Gelegentlich machen auch mehrere benachbarte Gene gemeinsam die Genkonversion
durch. Die Wahrscheinlichkeit, dass dies bei zwei bestimmten Genen geschieht,
ist wiederum abhängig von ihrem Abstand. Damit hat man eine weitere Methode, um
die Lageverhältnisse der Gene auf den Chromosomen zu kartieren.

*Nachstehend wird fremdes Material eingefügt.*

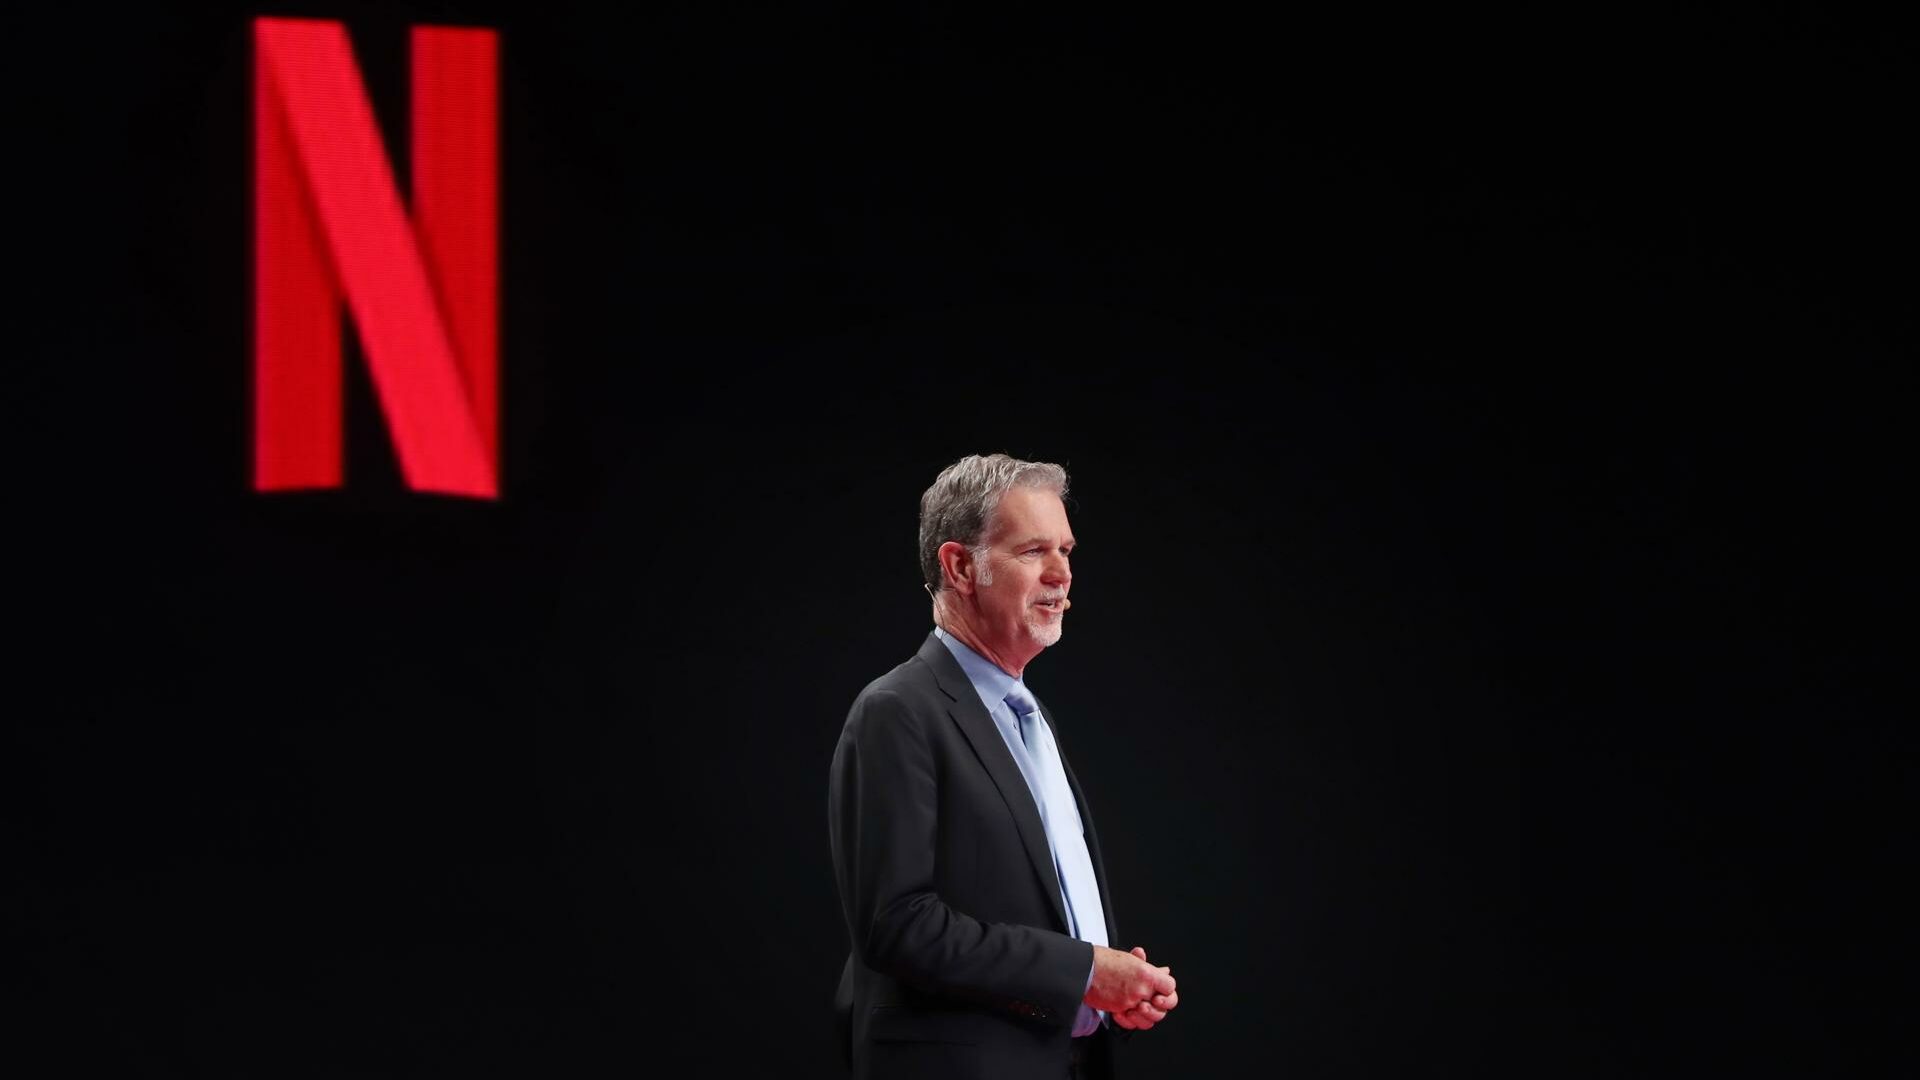 Reed Hastings dimite como CEO de Netflix tras 25 años y con casi 231 millones de suscriptores
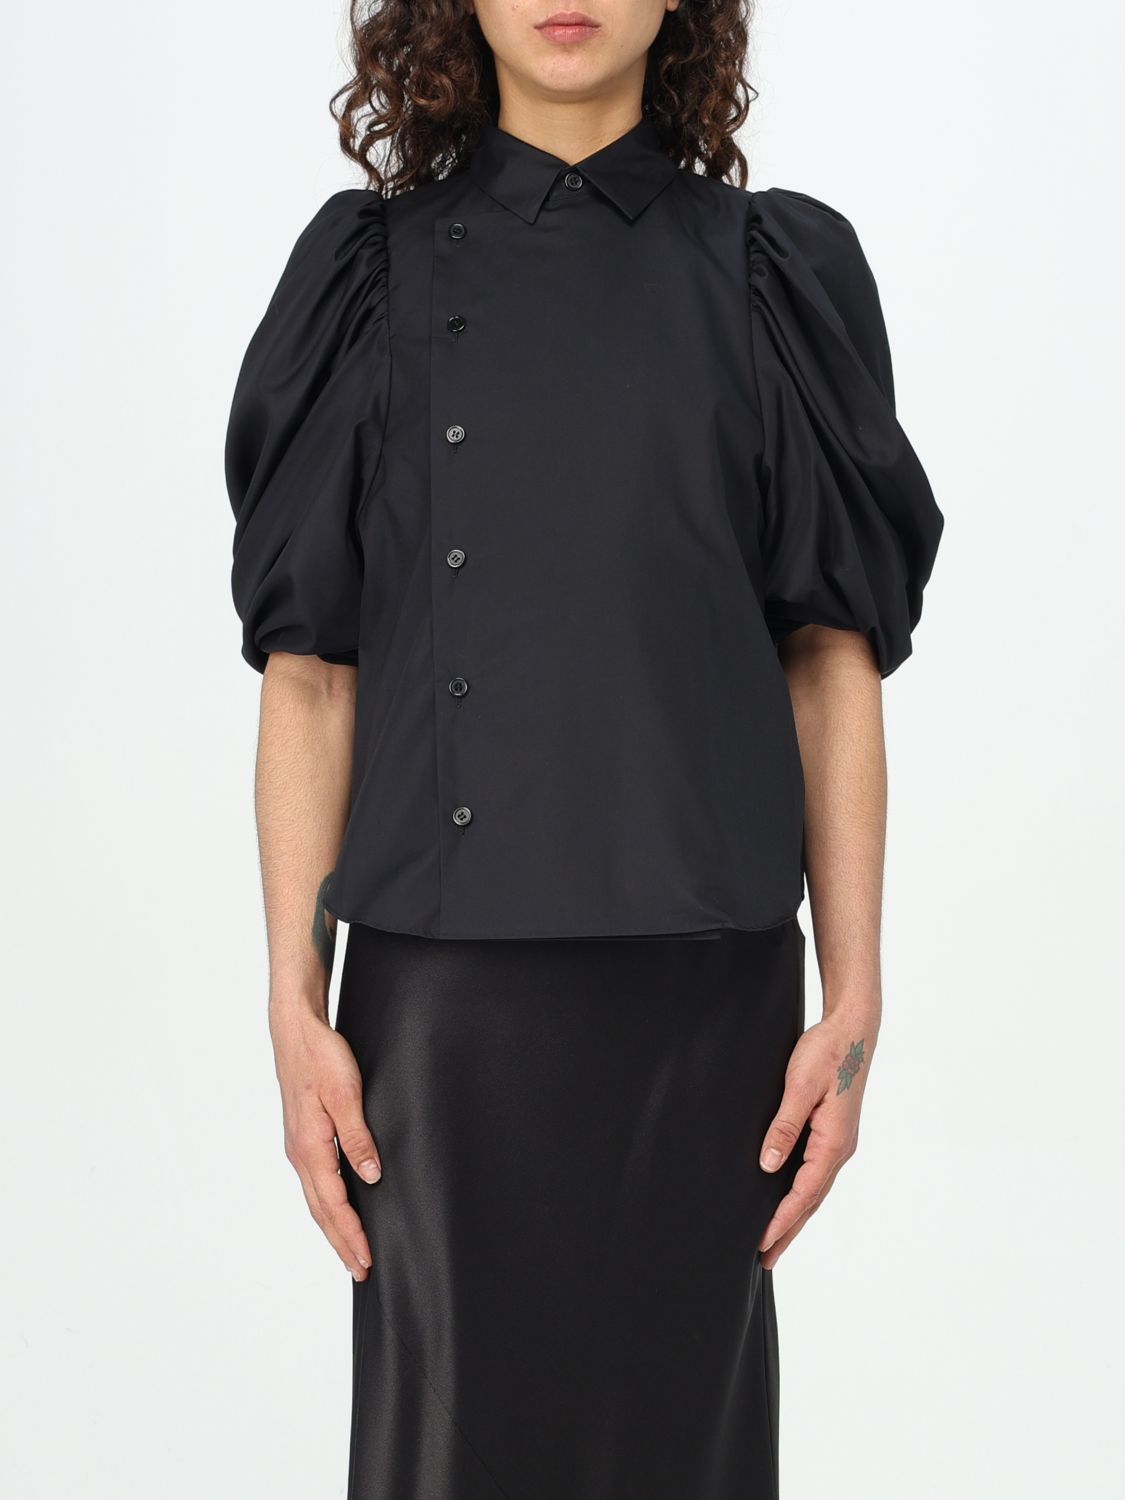 Noir Kei Ninomiya Shirt NOIR KEI NINOMIYA Woman color Black

Geschlecht und Geschlechtskopplung
Einen weiteren wichtigen Beitrag zur Genetik leistete Morgan 1910: Er
beobachtete Unterschiede in der Vererbung von Merkmalen nach einem Prinzip, das
man heute Geschlechtskopplung nennt.
Das Geschlecht wird in der Regel durch ein einziges Chromosomenpaar
bestimmt. Anomalien im endokrinen System und andere Störungen können zwar die
Ausprägung der sekundären Geschlechtsmerkmale verändern, aber sie führen fast
nie zu einem völligen Wechsel des Geschlechts. Frauen besitzen
23 Chromosomenpaare, wobei die Chromosomen jedes Paares sich sehr ähnlich
sehen. Männer besitzen 22 Paare solcher gleichartiger Chromosomen; die
beiden Chromosomen des 23. Paares sind in Größe und Aufbau sehr
unterschiedlich. Die 22 Chromosomenpaare, die bei Männern und Frauen
gleich sind, nennt man Autosomen, die beiden restlichen bezeichnet man
bei Männern und Frauen als Geschlechtschromosomen. Die beiden
gleichartigen Geschlechtschromosomen der Frau sind die X-Chromosomen;
eines der männlichen Geschlechtschromosomen ist ebenfalls ein X-Chromosom, aber
das andere, das viel kleiner ist, wird Y-Chromosom genannt. Wenn sich
die Gameten bilden, erhält jede Eizelle, welche die Frau produziert, ein
X-Chromosom, aber die Samenzellen des Mannes können entweder ein X- oder ein
Y-Chromosom enthalten. Vereinigt sich nun die Eizelle, die immer ein
X-Chromosom besitzt, mit einer Samenzelle, in der sich ebenfalls ein
X-Chromosom befindet, entsteht eine Zygote mit zwei X-Chromosomen: Das Kind
wird ein Mädchen. Trägt die befruchtende Samenzelle dagegen ein Y-Chromosom,
entsteht ein Junge. In abgewandelter Form findet man dieses Prinzip bei vielen
Tier- und Pflanzenarten.
Das menschliche Y-Chromosom hat etwa ein Drittel der Länge des X-Chromosoms
und scheint, abgesehen von seiner Bedeutung für die Bestimmung des männlichen
Geschlechts, genetisch nicht aktiv zu sein. Die meisten Gene des X-Chromosoms
haben also auf dem Y-Chromosom kein Gegenstück. Diese Gene, die man als geschlechtsgekoppelt
bezeichnet, werden nach einem charakteristischen Prinzip vererbt. Hämophilie
(Bluterkrankeit) wird z. B. meist durch ein geschlechtsgekoppeltes
rezessives Gen (h) hervorgerufen. Frauen mit dem Genotyp HH oder Hh
sind gesund. Nur der Genotyp hh führt zur Krankheit. Männer sind nie
heterozygot für dieses Gen, denn sie erben nur eine Kopie davon mit ihrem
X-Chromosom. Ein Mann mit H ist gesund; mit h entsteht die
Bluterkrankheit. Wenn ein gesunder Mann (H) und eine heterozygote Frau (Hh)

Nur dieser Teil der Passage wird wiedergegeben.